Jeffrey D. Allred, Deseret News
Shoppers walk through City Creek in Salt Lake City Wednesday, March 20, 2013.

SALT LAKE CITY — Discord in Washington, D.C., significantly dampened consumer sentiment in the Beehive State, a new report showed.

After reaching an all-time high last month, the Zions Bank Consumer Attitude Index decreased 14.6 points to 78.1 from September to October. The decline was the sharpest drop recorded since the index’s inception in January 2011.

In comparison, the national Consumer Confidence Index decreased 2.1 points to 79.7.

The government shutdown understandably weighed heavily on consumer attitudes this month, said Zions Bank economic adviser Randy Shumway.

The amount of people who feel business conditions in their area are bad rose from 9 percent to 14 percent, and those who think jobs in their area are plentiful decreased from 22 percent to 17 percent, the monthly report indicated.

The Zions Bank Present Situation Index — an assessment of confidence in current business and employment conditions — declined to 78.5 — down 14.4 points. The government shutdown also had a significant impact on future expectations for the local economy, Shumway said.

The Zions Bank Expectations Index — an estimate of consumer confidence in the economy six months from now — fell 14.7 points from September to October and currently sits at 77.8 — the lowest point since 2011.

On the national level, 14 percent of Utahns believe the U.S. economy will likely improve over the next 12 months, down from 21 percent in the prior month.
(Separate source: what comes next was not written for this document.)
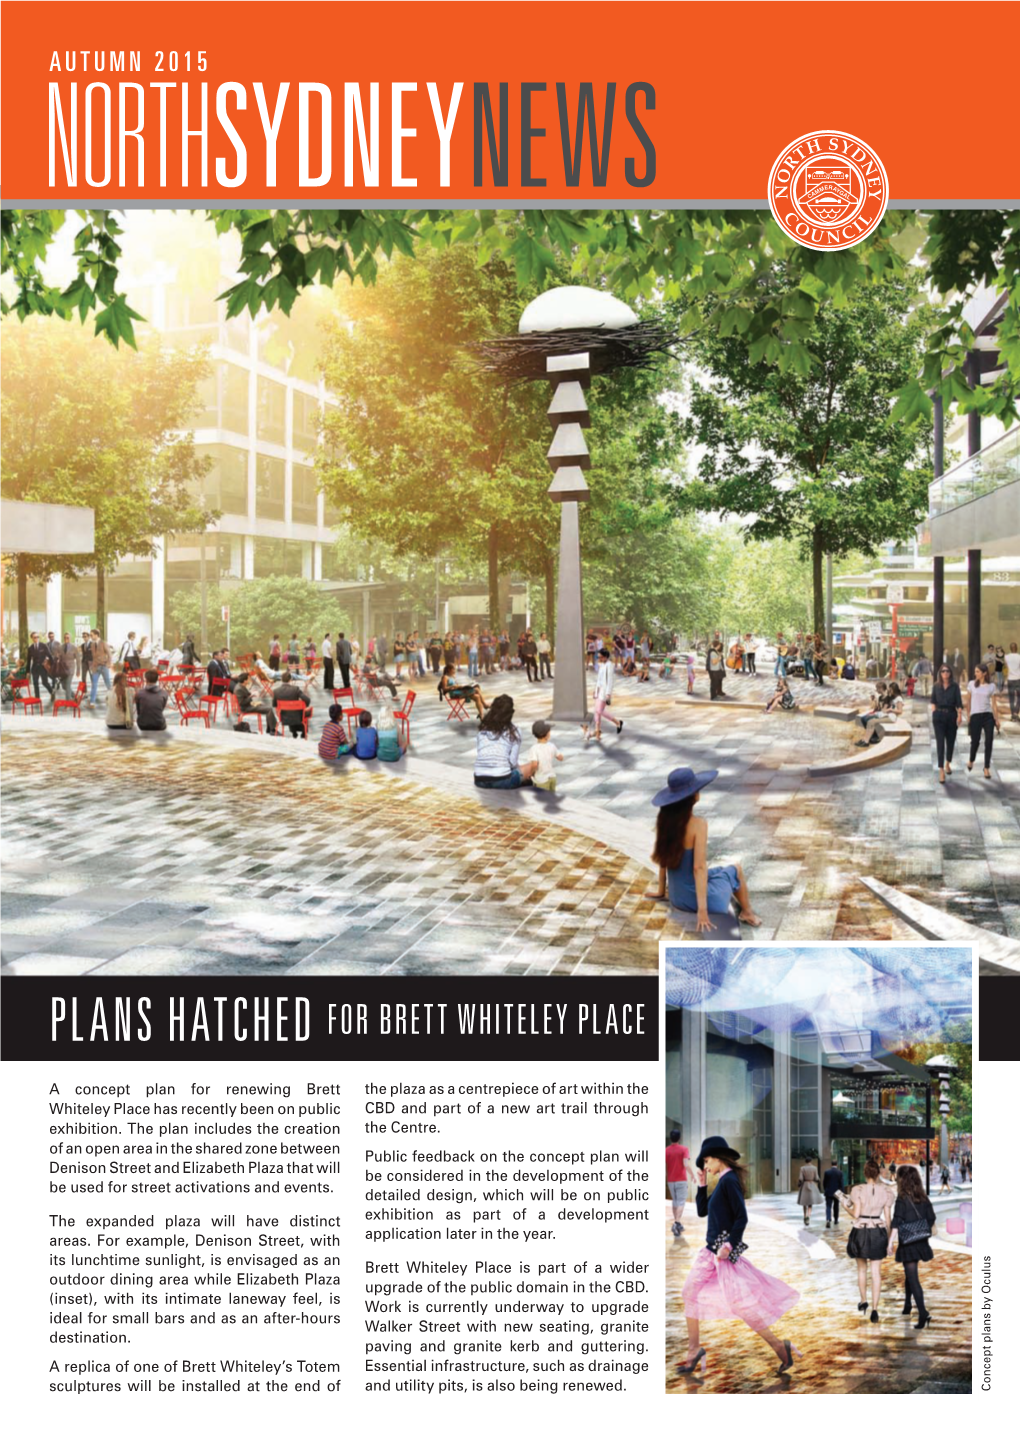 Plans Hatched for Brett Whiteley Place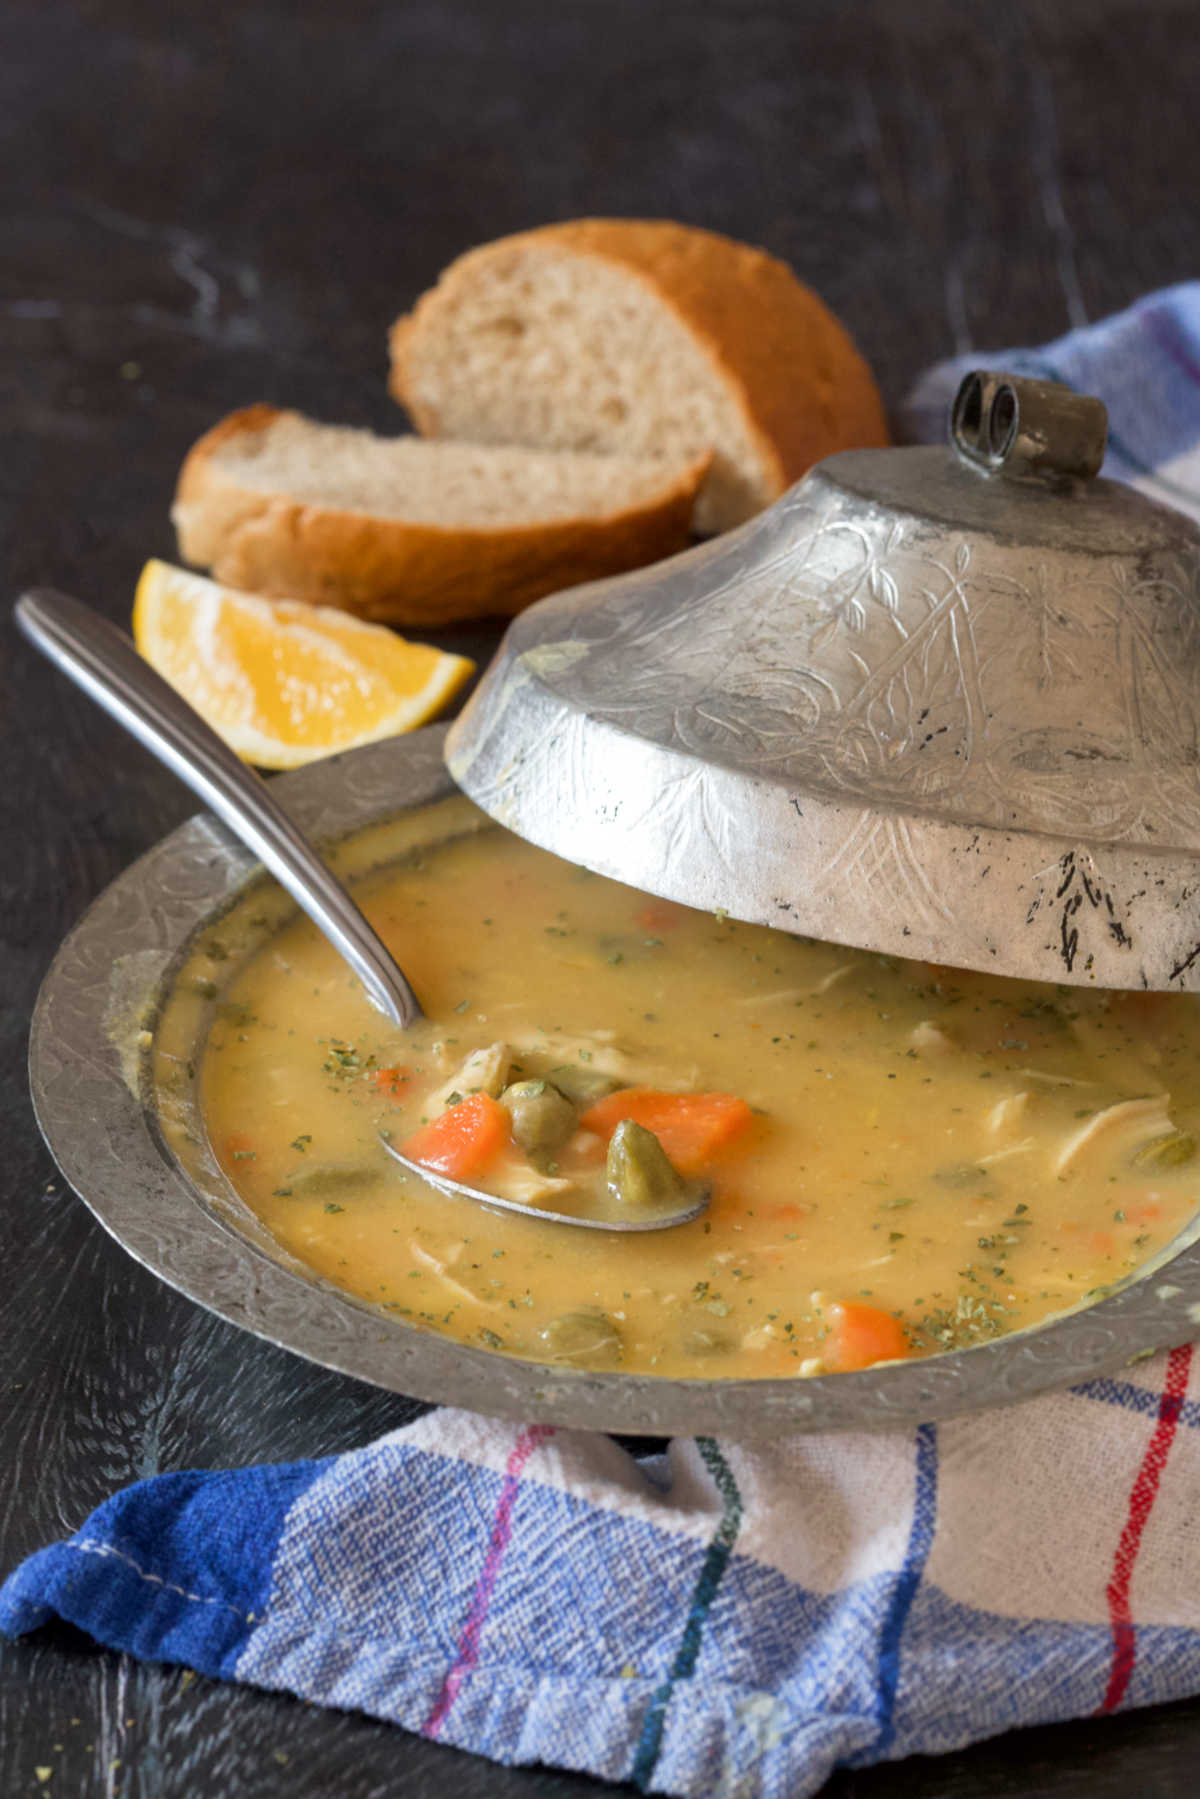 Soup in a silver bowl with a lid, a kitchen cloth, two slices of bread, a lemon wedge and a spoon.

Additionally, 61 percent of people surveyed believe the U.S. economy is unlikely to improve over the next 12-month period, up from 43 percent in September.

Not surprisingly, the government shutdown impacted Utahns’ perception of the federal government’s economic policy, Shumway said.

Utahns who believe the federal government is doing a poor job with its economic policy reached an all-time high of 76 percent — up from 60 percent last month, while Utahns who believe the federal government is doing a good job with its economic policy fell to 4 percent from 7 percent.

In contrast, the report showed that Utahns continue to have confidence in state leaders, with those who believe the state government is doing a good job with its economic policy rising slightly to 37 percent from 36 percent the previous month, and those who think the state government is doing a poor job with its economic policy stood at 13 percent — 63 percentage points lower than the same measure for the federal government.

Although consumer confidence plummeted this month, the drop is almost certainly attributable to the government shutdown, Shumway said. Other broad measures of consumer confidence in areas such as housing and interest rate expectations remained relatively positive, he added.

More than half — 55 percent — of Utahns still expect home values to climb over the next 12 months. Those who expect interest rates to increase over the next year continues to fall and currently sits at 68 percent, down 8 percent over the past three-month period.

With the state’s stable housing market, relatively low unemployment rate and a reopened federal government, consumer confidence will likely rebound over the next few months, Shumway said.